Reference Architecture — Data Flow (Medallion)¶
TL;DR: Bronze stores raw, silver stores cleaned-and-conformed, gold stores business-ready. Every transition is a dbt (or Spark) job with tests, version control, and lineage to Purview. Don't skip layers; don't denormalize bronze.
The problem¶
A real analytics platform ingests from dozens of source systems with different schemas, qualities, freshnesses, and retention requirements — and serves dozens of consumer surfaces (BI, APIs, ML, AI agents, regulators) with conflicting needs. Without a strict layered approach, you end up with a god-mode pipeline that nobody can reason about and a single bad deploy breaks every dashboard.
Architecture¶
flowchart LR
subgraph Sources[Source Systems]
S1[OLTP DBs<br/>SQL Server, Cosmos, RDS]
S2[SaaS APIs<br/>Salesforce, ServiceNow]
S3[Files<br/>CSV/Parquet/JSON drops]
S4[Streams<br/>IoT, Kafka, Event Hubs]
S5[On-prem<br/>Teradata, Hadoop, mainframe]
end
subgraph Ingest[Ingestion]
ADF[Azure Data Factory<br/>+ Self-Hosted IR]
EH[Event Hubs<br/>+ Capture]
ASA[Stream Analytics<br/>or Fabric RTI]
end
subgraph Bronze[🥉 BRONZE — Raw / Immutable]
B1[(ADLS Gen2<br/>Delta tables<br/>partitioned by ingest_date)]
B2[Schema = source schema<br/>+ ingestion metadata]
B3[Retention: 7-90 days hot,<br/>archive cold]
end
subgraph Silver[🥈 SILVER — Cleaned / Conformed]
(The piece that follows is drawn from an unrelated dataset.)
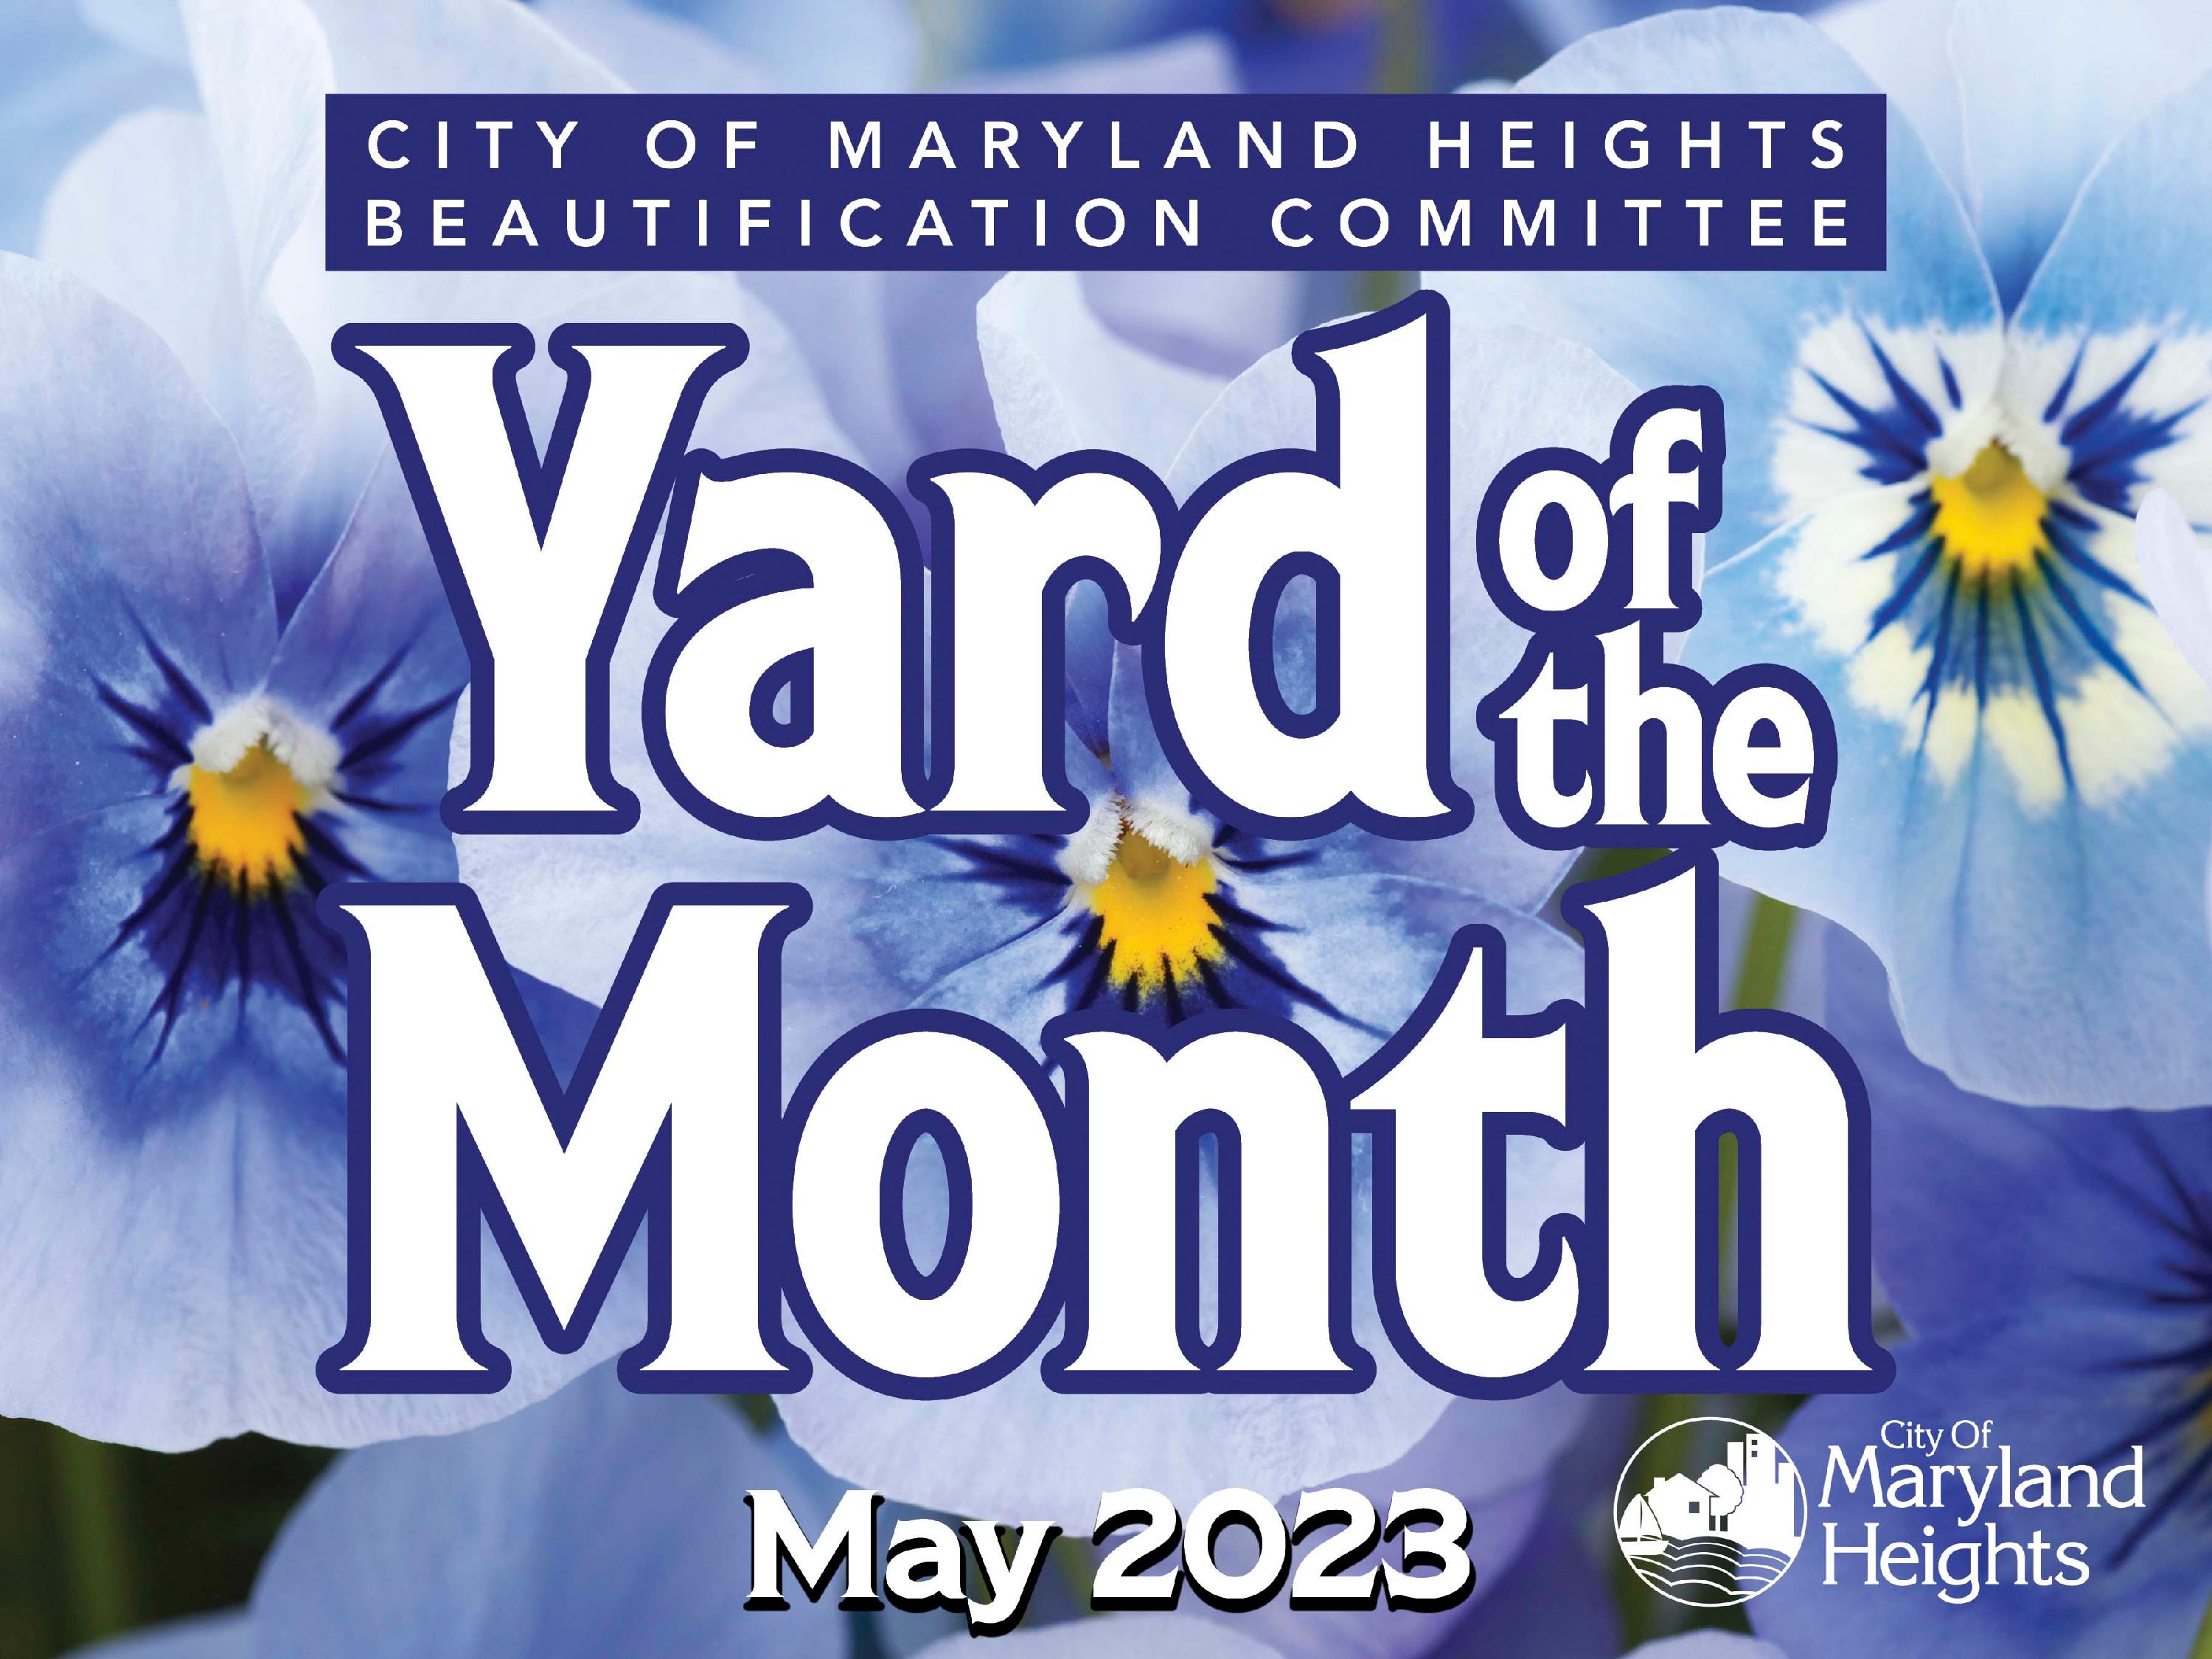 The text "City of Maryland Heights Beautification Committee." "Yard of the Month," and "May 2023" lies on top a backdrop of blue flowers. The City logo lies on the bottom right corner.

Sv1[(Delta tables<br/>SCD2 where needed)]
Sv2[Type-cast, deduped,<br/>nulls explicit, PII tagged]
Sv3[Conformed dimensions<br/>+ surrogate keys]
Sv4[Quality tests:<br/>Great Expectations<br/>+ dbt tests]
end
subgraph Gold[🥇 GOLD — Business / Aggregated]
G1[(Star/snowflake schemas<br/>or wide flat tables)]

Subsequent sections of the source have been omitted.